The Ministry of Commerce of China issued a draft Foreign Investment Law earlier in a significant move to reduce barriers to foreign investment through streamlining the current regulatory framework and replacing three existing laws, namely the Sino Foreign Equity Joint Venture Law, the Wholly Foreign owned Enterprise Law and the Sino-Foreign Contractual Joint Venture Law.
The principle of national treatment, the narrowed focus on investment actually controlled by non-Chinese persons, the emphasis on openness and transparency, the consolidation of rules relating to foreign investment, and the convergence of organizational and governance arrangements for foreign-invested and domestic enterprises are all positive developments.
When the new law comes into effect, foreign companies will be treated – more or less – in the same legal manner as other domestic companies in the country. However, there are a number of areas in the draft law needing further modifications and clarifications in order to design a thorough and comprehensive modernization of China’s foreign investment regime.
There are many provisions of the draft law that raise important concerns in relation to the rule of law, and there are fundamental uncertainties about the scope of “foreign investment” governed by the new rules, particularly flowing from the broad and vague concept of “control.”

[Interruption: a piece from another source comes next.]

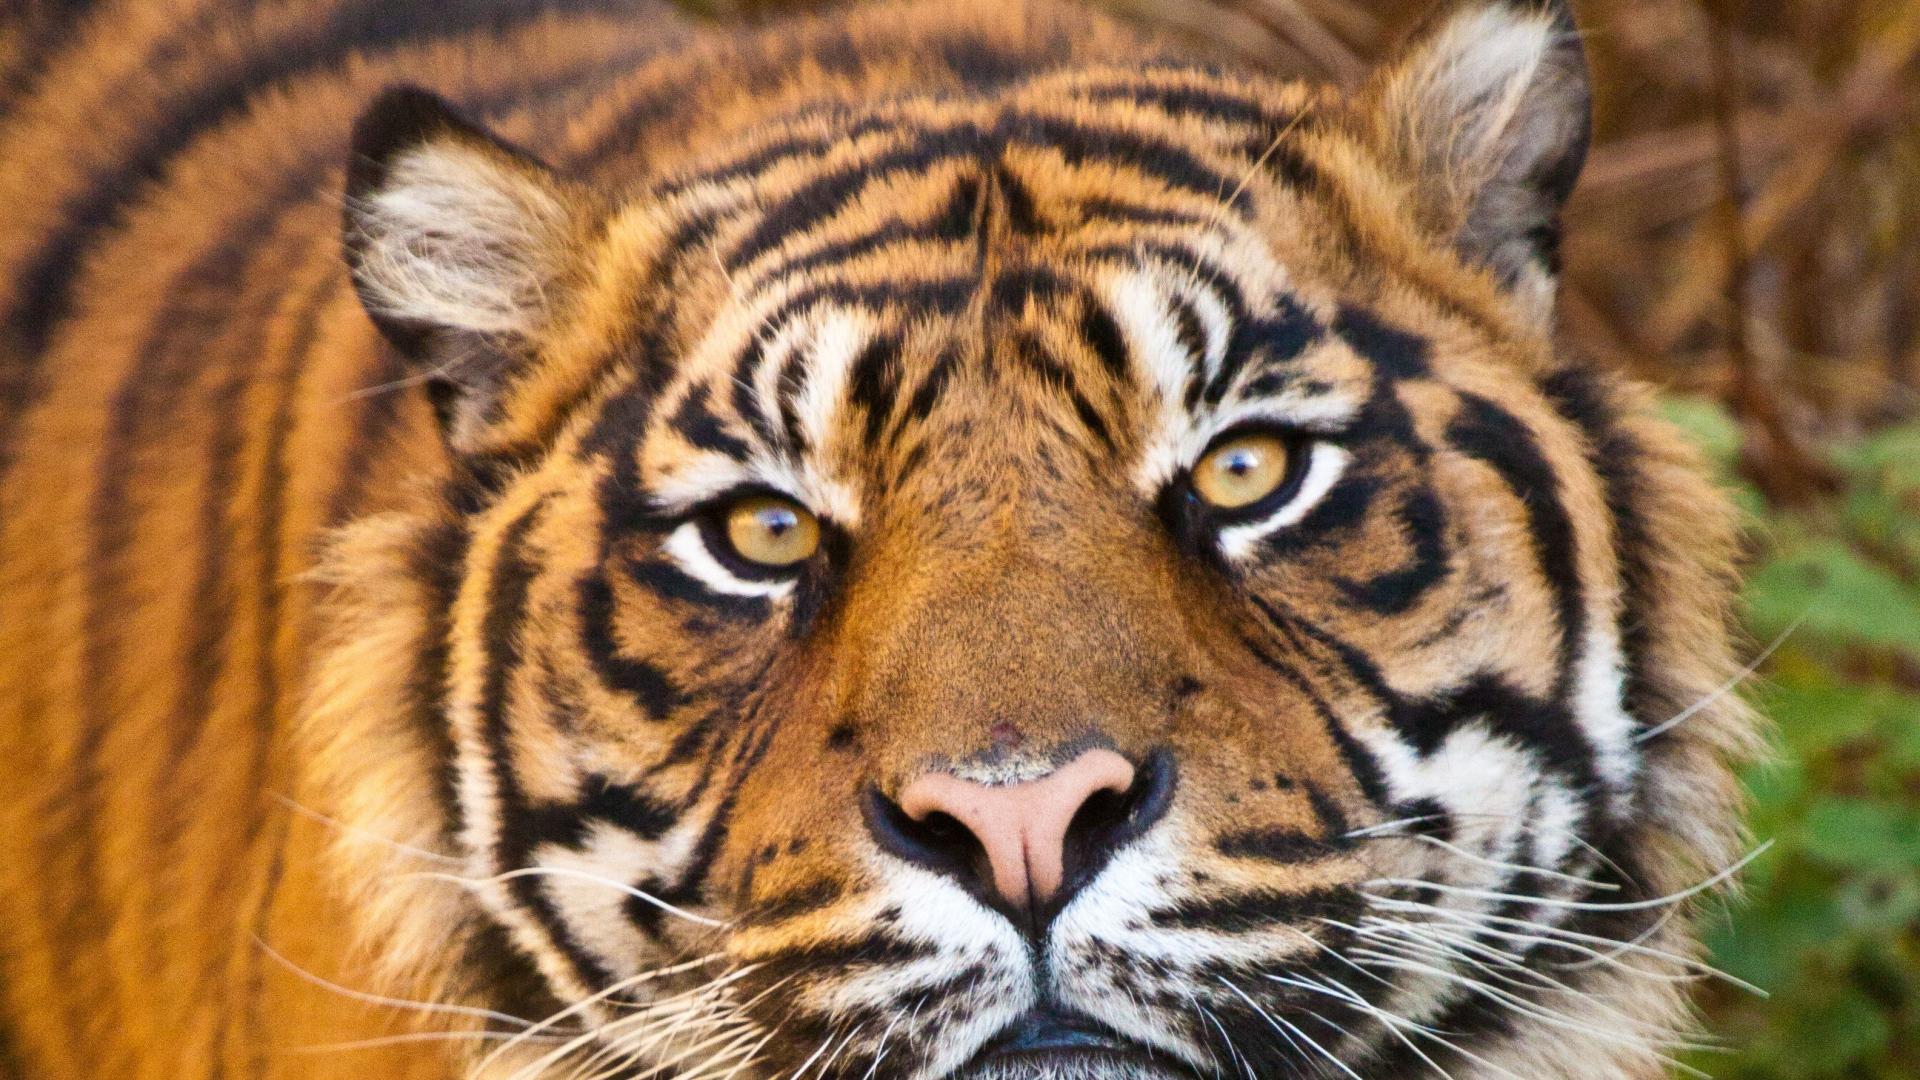 1920X1080 Tiger Wallpaper Full HD

In this regard, the vague and undefined concepts of “material influence” and “decisive influence,” for instance, are particularly troublesome. The definition of “decisive influence” should be clarified explicitly to exclude the kind of “negative controls” or minority investor approval rights, including those relating to financing and fundamental operational matters, that are typically negotiated to protect minority investors (as well as lenders and commercial counterparties) against controlling investors using their power to change the agreed parameters of an investment project.
The provisions regarding national security review covering all foreign investment are also extremely broad and vague, and are based on the very expansive concept of “national security.” There are no standards nor criteria, and no avenues for review, that satisfy the standards for rule of law in application of the national security review, particularly given the comprehensive scope of “national security” as conceived in the draft law.
In addition, it puts unfair requirements and potential liabilities on foreign investors with respect to application for and reporting related to national security review. Given the universal scope of factors that are defined as relevant to “national security,” it would be impossible for foreign investors in many circumstances to know whether application for national security review is required or not.
The draft law is a somewhat radical departure from previous regulation of foreign investment in the PRC, in that it would cause transactions occurring outside of China to trigger approval and reporting requirements in the PRC, with effects for China or international markets that may not have been fully taken into account.
The filing and reporting requirements based on nationality of ultimate owners of offshore enterprises may simply be unworkable for companies traded in fluid global markets where beneficial ownership reporting requirements do not provide the kind of information that would be necessary to ensure compliance with provisions of the draft law.
While it seems to reflect a policy to encourage greater competition, there are aspects of the draft law that are fundamentally anti-competitive because of the possibility of a broad and undefined range of limitations that can be placed on approved foreign investment operations, affording little room for protection against these being used to give competitive advantage to domestic enterprises.
Fair competition requires protection of proprietary information, including not just “trade secrets” and other intellectual property but also proprietary strategic, financial and other information concerning a business enterprise. The reporting requirements do not provide adequate assurances of the confidentiality of such information. More importantly, the national security review provisions can potentially be used without any accountability to protect the interests of competitors.
The draft law, in short, raises many issues regarding certainty and predictability in its current form – issues that can translate into pricing discounts, at best, and capital flight, at worst, in international capital markets. They harm both the ability of Chinese enterprises to raise capital and the ability of Chinese investors to realize the value of what they have created. China’s interests will be best served by giving full consideration to a wide range of experiences and perspectives in refining and improving the draft law.